C de Califórnia

9 3 0
                                    

Maio de 2014: presente.

Já é manhã mais uma vez. 

Eu e Clear conversamos bastante ontem. Em alguns momentos, me esqueci da Amie e me concentrei em seus problemas.

Clear sempre foi muito problemática, desde quando éramos pequenos. Eu sempre tento ajudá-la, mas ela costuma me impedir de me meter no caos de sua vida.

Ela sempre foi, como já dito, teimosa, orgulhosa e independente. Talvez seja por isso que os caras babacas que Clear costuma sair não saibam lidar com toda a autossuficiência dela.

E isso me preocupa porque, sinceramente, a Clear só finge que gosta de estar sozinha.

Ontem ela me disse que se sentia sozinha. Acho que ela me disse isso, naquele momento, de propósito, para que eu me esquecesse da Amie por alguns segundos. E também para que eu soubesse: ela entendia minha solidão.

Eu gostaria de estar mais presente na vida dela, como antes...
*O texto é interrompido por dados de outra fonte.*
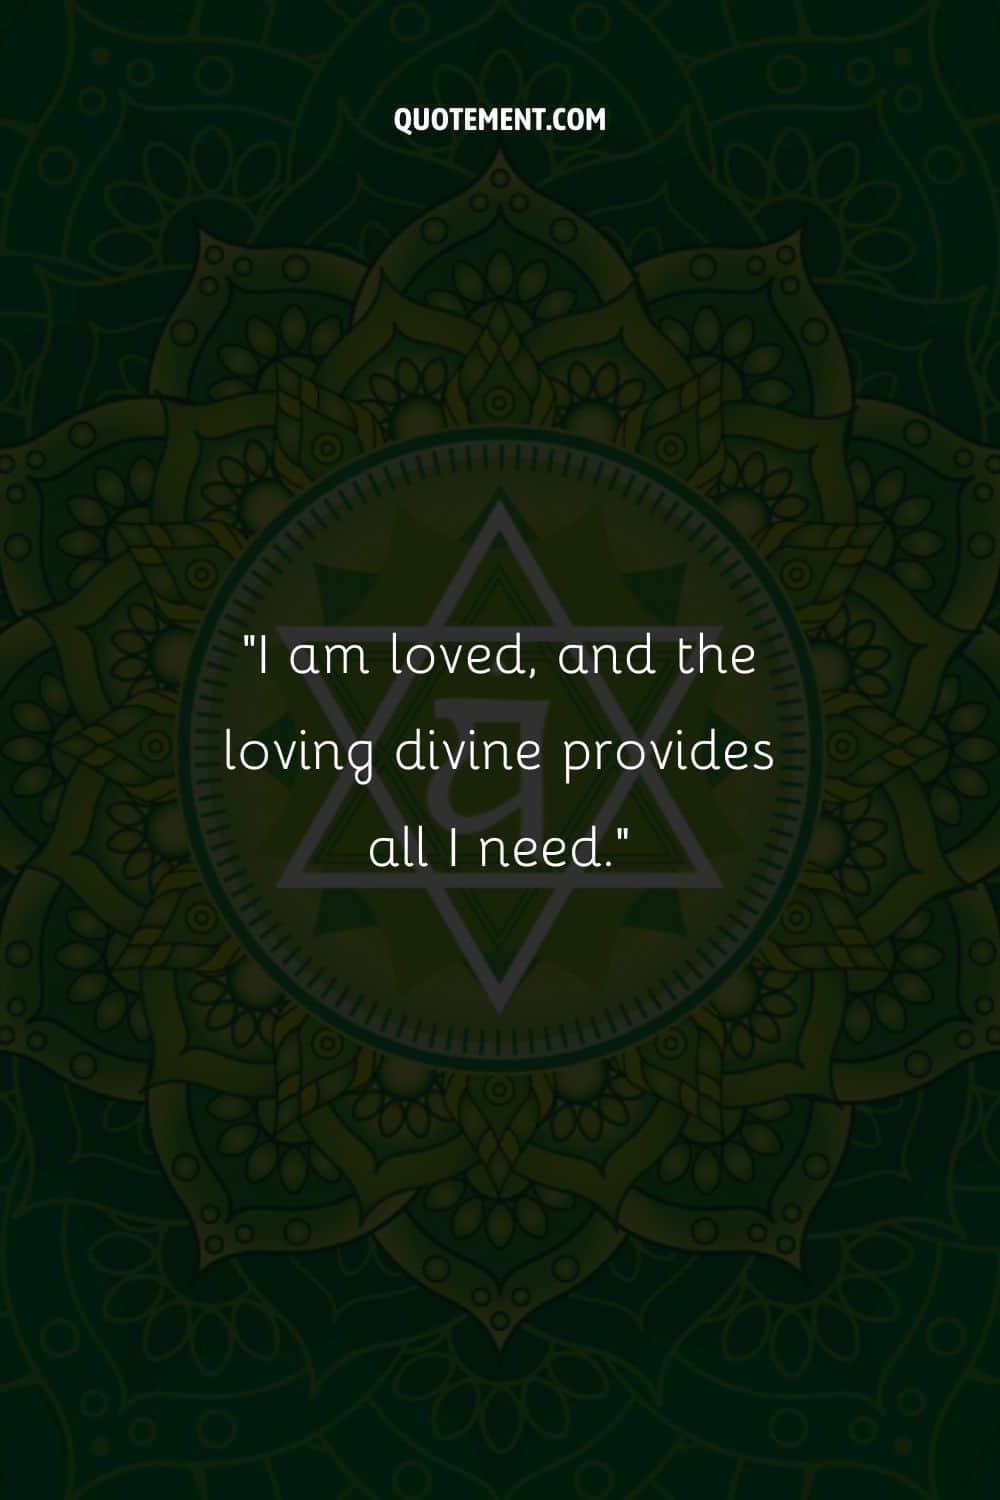 I am loved, and the loving divine provides all I need

A última vez que a vi fora há alguns meses, quando ele veio me visitar.

"Por que você ainda está aí quando tudo que tens de mais precioso está em Illinois?"
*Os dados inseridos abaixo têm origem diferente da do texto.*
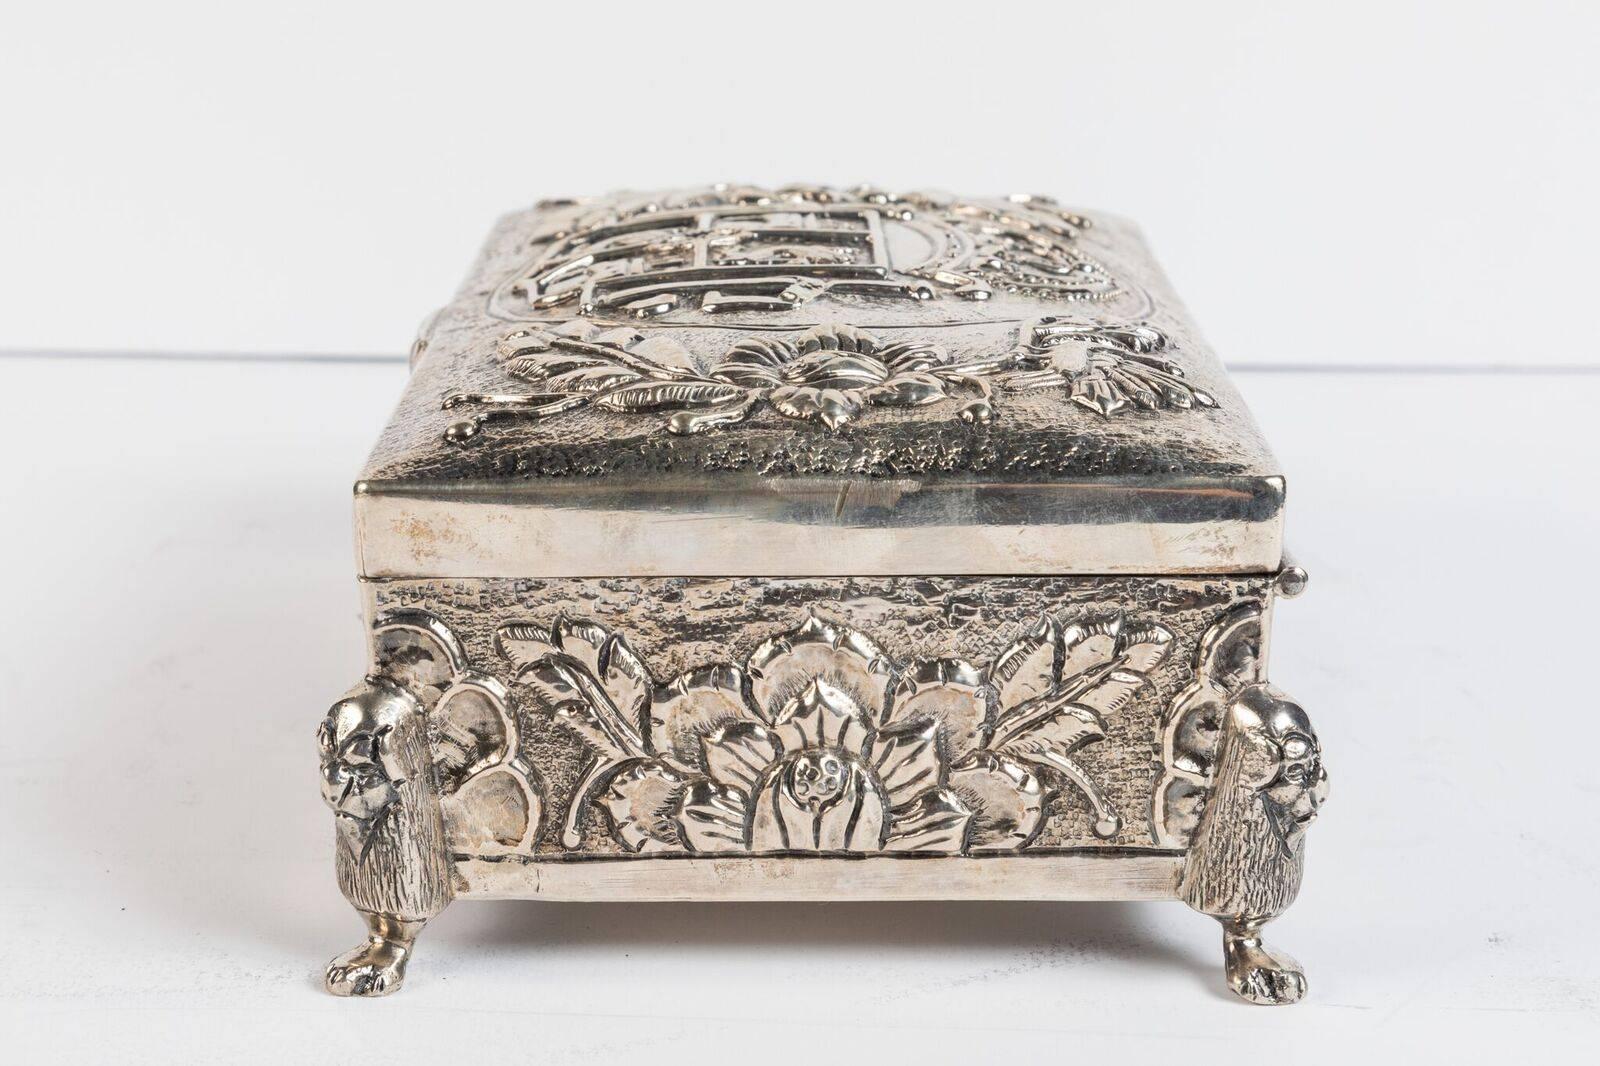 Dramatic, richly embellished, silver-plated, hinge-top box featuring the ancient Coat of Arms for the Spanish kingdom of Castile and Leon. The whole atop lion-form feet.

É... Às vezes a gente investe na gente e é difícil porque muita coisa acaba ficando pra trás, às vezes as pessoas que a gente ama.

Sou diretor de cinema na Hollywood. Estou trabalhando no meu primeiro filme e é por isso que vim pra cá.

Como consegui esse cargo sendo tão jovem? Foi um verdadeiro golpe de sorte. Um roteirista de renome me conheceu em uma de suas viagens à Chicago. Ele tinha um roteiro pronto e queria alguém novo, em começo de carreira, para dirigi-lo. Ele gosta de lançar novos nomes.

Eis que eu apareci e ele amou o meu trabalho.

O problema disso tudo é que eu tive de deixar Chicago bem mais cedo do que tinha planejado.

Eu estava fazendo um estágio simples na minha área e quando vi... Esta havia se tornado a minha vida: acordar cedo, ir ao trabalho e voltar para este apartamento vazio que sou obrigado a chamar de casa.

Amo o que faço, de verdade. Em meio a tanta coisa ruim, meu trabalho é como a razão, o motivo para continuar (na Califórnia e também na vida).

Sair de Chicago para vir até aqui com certeza fora a decisão mais difícil que tomei em toda a minha vida. Deixar Amie, meus amigos, família e lugares que gostava, foi um grande sacrifício.

Fora do estúdio eu fico sempre me questionando se fiz a escolha certa, se realmente valeu a pena deixar tudo por este sonho...

Mas quando estou lá, atrás das câmeras, lembro-me do porquê de ter deixado a garota de cabelos castanhos para trás.

E eu quero sentir essa certeza de novo. Mais do que nunca eu quero ir ao trabalho e sentir que tá tudo bem em ter ido embora.

Eu preciso disso, preciso sentir mais uma vez que tudo isso está mesmo valendo a pena.

Fevereiro de 2013: primeiro ano no estágio.

Eu olhava Amie.

Estávamos no apartamento que ela dividia com Kathy, sua melhor amiga. Era bem simples. As paredes da cor azul pastel, o chão forrado com um carpete cinza e as janelas de madeira clara. Parecia um quarto de bebê gigante, não por ser grande, pois não era, mas por ter aquela mistura de cores tão calmas.

Amie e Kathy pagavam tudo meio a meio, literalmente tudo. Até o mesmo quarto elas dividiam, então quando eu dormia lá, a sala era nosso ninho.